Kristín keek naar haar.

‘Wat hebben jullie eigenlijk gevonden in het Kleifarvatn?’ vroeg ze met een verbaasd gezicht. ‘Hij heeft nooit een zendapparaat gehad. Wat voor zendapparaat?’

‘Viste hij wel eens op het Kleifarvatn?’ vroeg Elínborg zonder haar vraag te beantwoorden. ‘Had hij daar belangstelling voor?’

‘Nee, nooit. Hij had geen enkele interesse in vissen. Mijn broer vist veel op zalm en probeerde hem wel eens mee te krijgen, maar hij wilde nooit. Hij was wat dat betreft net als ik. We waren het daarover helemaal eens. We wilden geen enkel schepsel voor niets of voor ons plezier doden. We zijn nooit bij het Kleifarvatn geweest.’

Erlendurs aandacht werd getrokken door een foto in een mooi lijstje op een plank in de kamer. Hij was van Kristín met een kleine jongen, waarschijnlijk haar vaderloze zoon, en hij moest denken aan zijn eigen zoon, Sindri. Hij kon niet bedenken waarom hij hem was komen opzoeken. Sindri was hem altijd uit de weg gegaan, anders dan Eva Lind, die hem ter verantwoording wilde roepen voor het feit dat hij in hun jeugd geen aandacht voor hen had gehad. Erlendur was van hun moeder gescheiden na een kort huwelijk en naarmate de jaren vorderden, leek het er steeds meer op dat hij nooit contact met zijn kinderen had gezocht.

 

Ze hadden elkaar daar bij de entree begroet met een handdruk, als twee vreemden, en hij liet hem binnen en zette koffie. Sindri zei dat hij een woning of een kamer zocht. Erlendur zei dat hij niets voor hem wist en beloofde contact met hem op te nemen als hij iets hoorde over woonruimte.
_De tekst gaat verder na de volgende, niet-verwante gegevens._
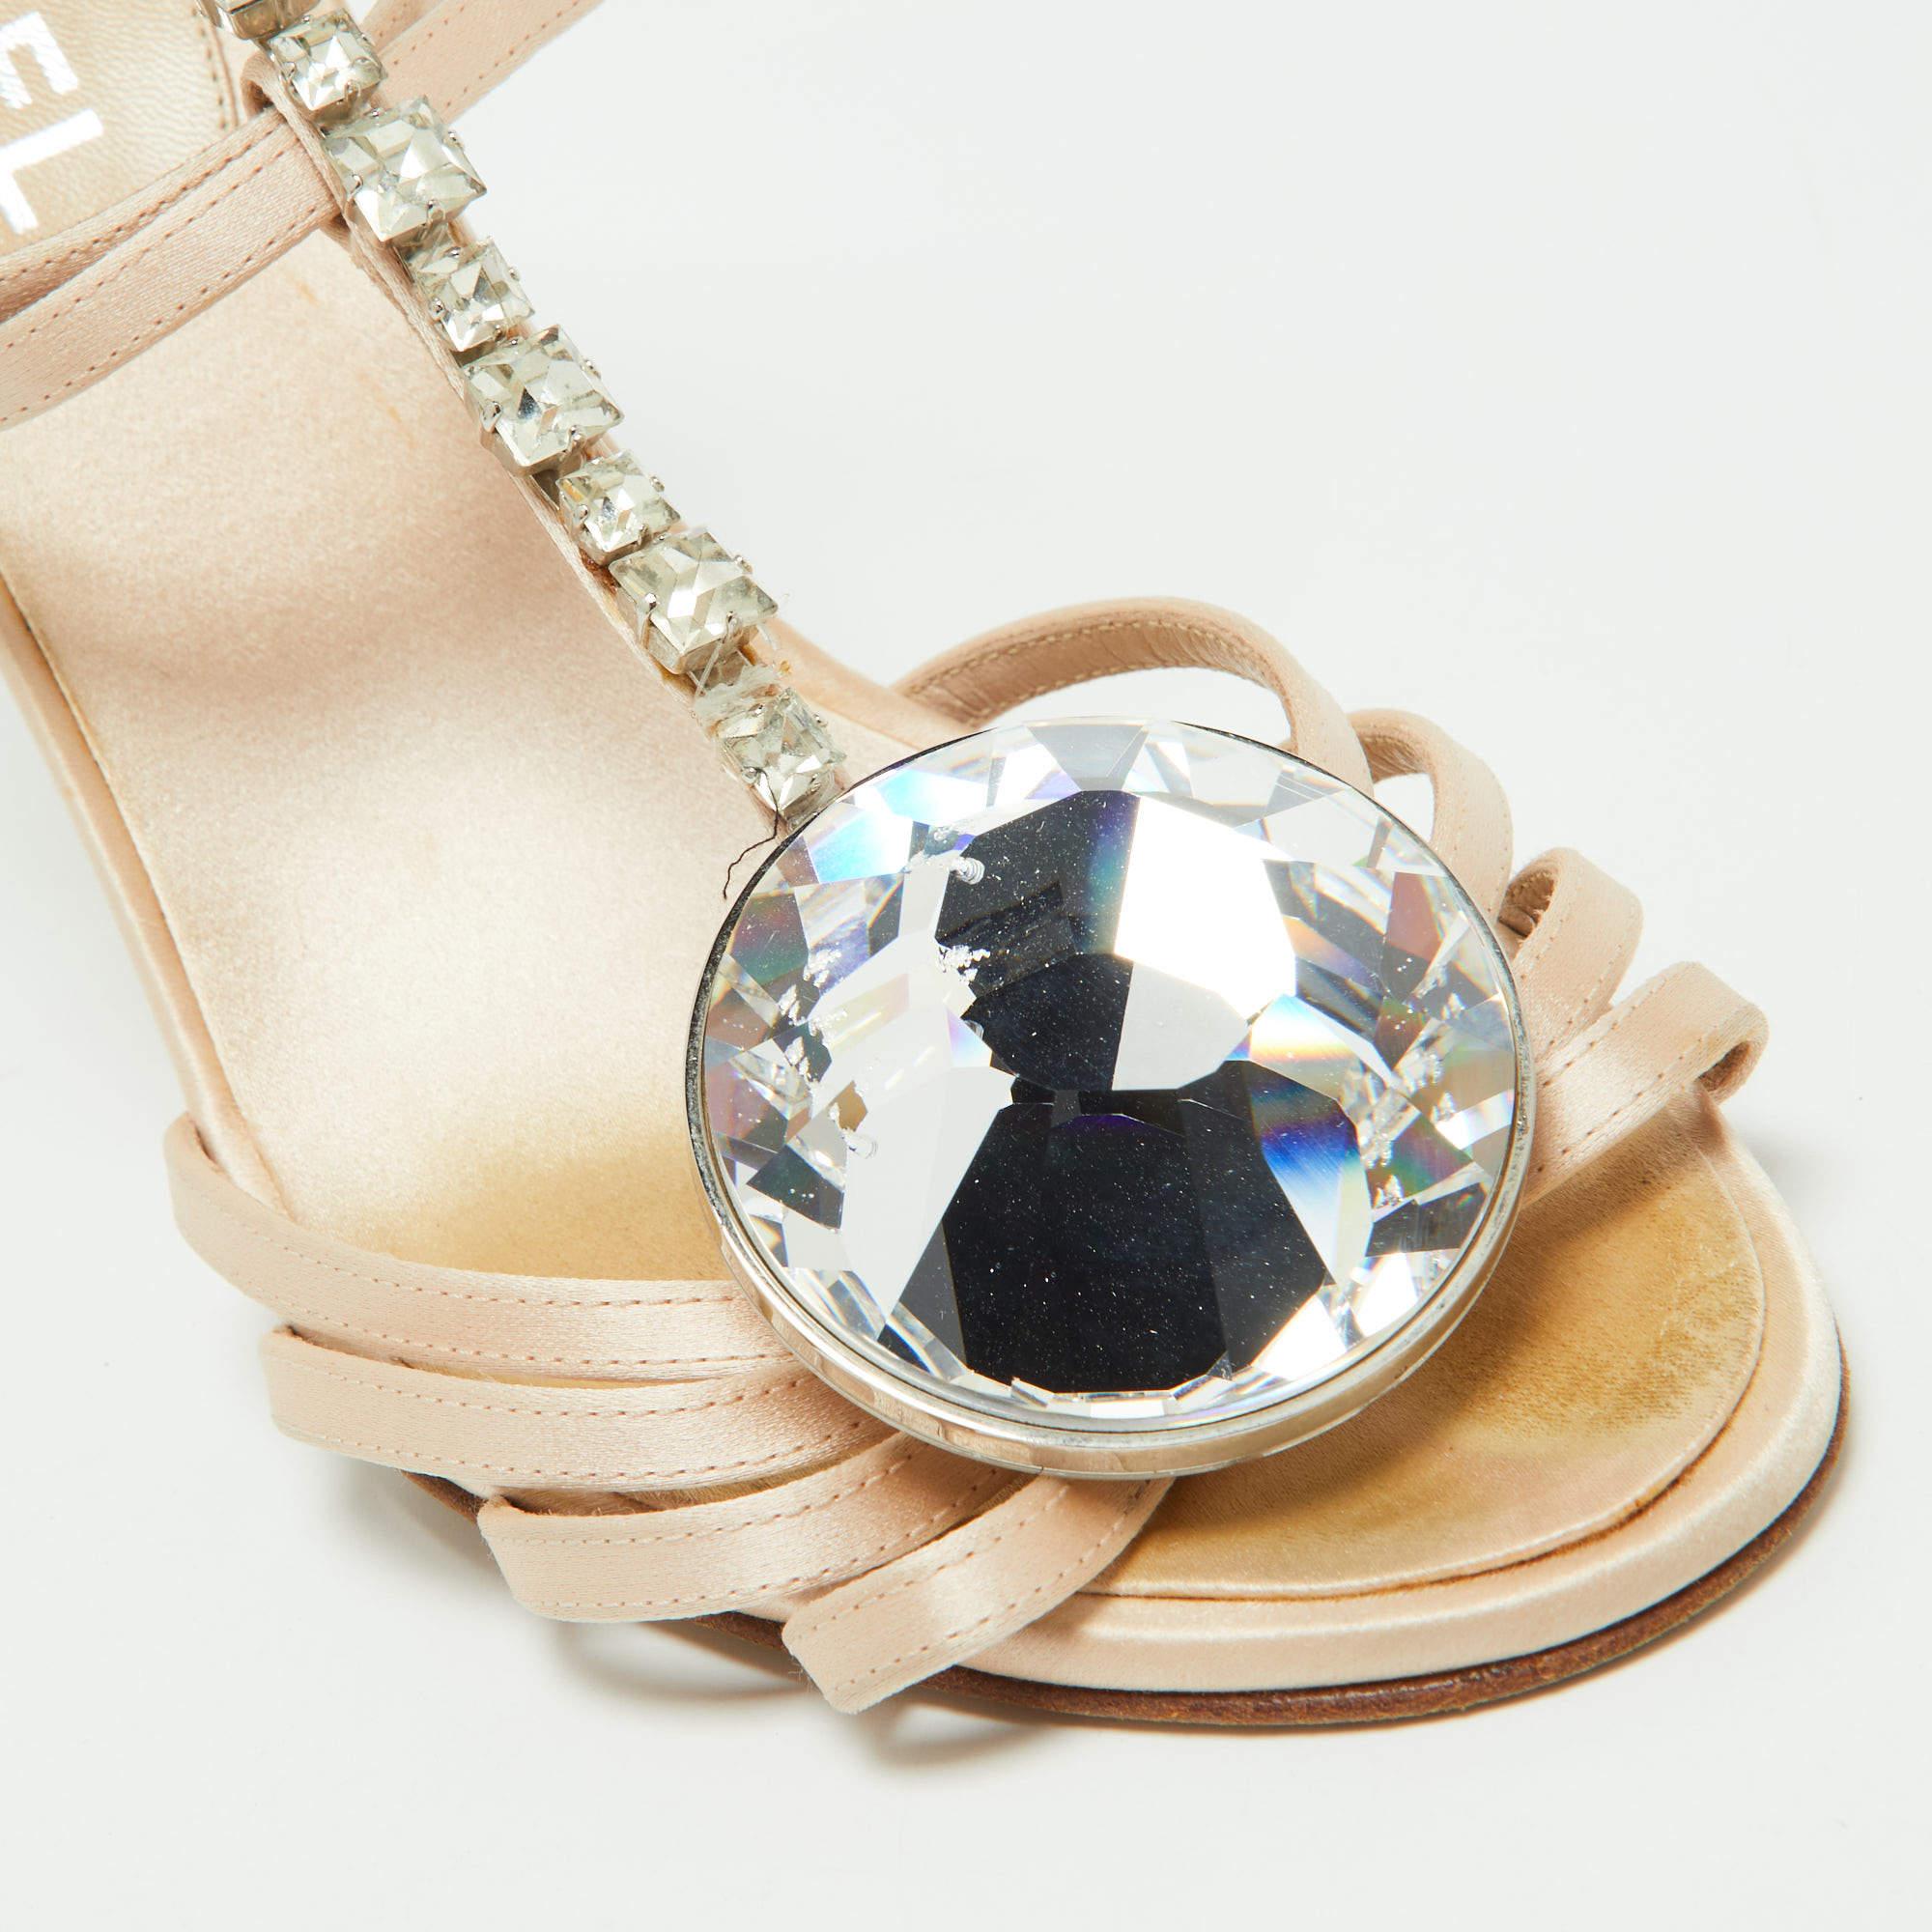 Chanel Beige Satin Crystal Embellished Slingback Sandals Size 39.5 For Sale 4

‘Misschien kan ik voorlopig hier blijven,’ zei Sindri en hij bekeek de inhoud van de boekenkasten in de kamer.

‘Hier?’ reageerde Erlendur en hij kwam in de keukendeur staan. Hij begreep ineens waarom Sindri hem was komen opzoeken.

‘Eva zei dat je een kamer over had; er staat alleen wat rotzooi in.’

Erlendur keek naar zijn zoon. Er was een extra kamer in zijn woning. De rotzooi waar Eva het over had gehad, waren spullen van zijn ouders die hij bewaarde omdat hij zich er niet toe kon zetten ze weg te doen. Het waren spullen uit zijn ouderlijk huis. Een kist met papieren van zijn ouders en voorouders, wat oude boekenplanken, gebonden jaargangen van tijdschriften, boeken, vishengels, een oud geweer van zijn opa, nooit gebruikt.

‘En je moeder?’ vroeg Erlendur. ‘Kun je niet naar haar toe gaan?’

‘Ja, natuurlijk,’ zei Sindri. ‘Dat zal ik dan maar doen.’

Ze zwegen.

‘Nee, er is geen plaats in die kamer,’ zei Erlendur. ‘Dus... ik weet niet...’

‘Eva heeft hier geslapen,’ zei Sindri.

Op zijn woorden volgde een diep stilzwijgen.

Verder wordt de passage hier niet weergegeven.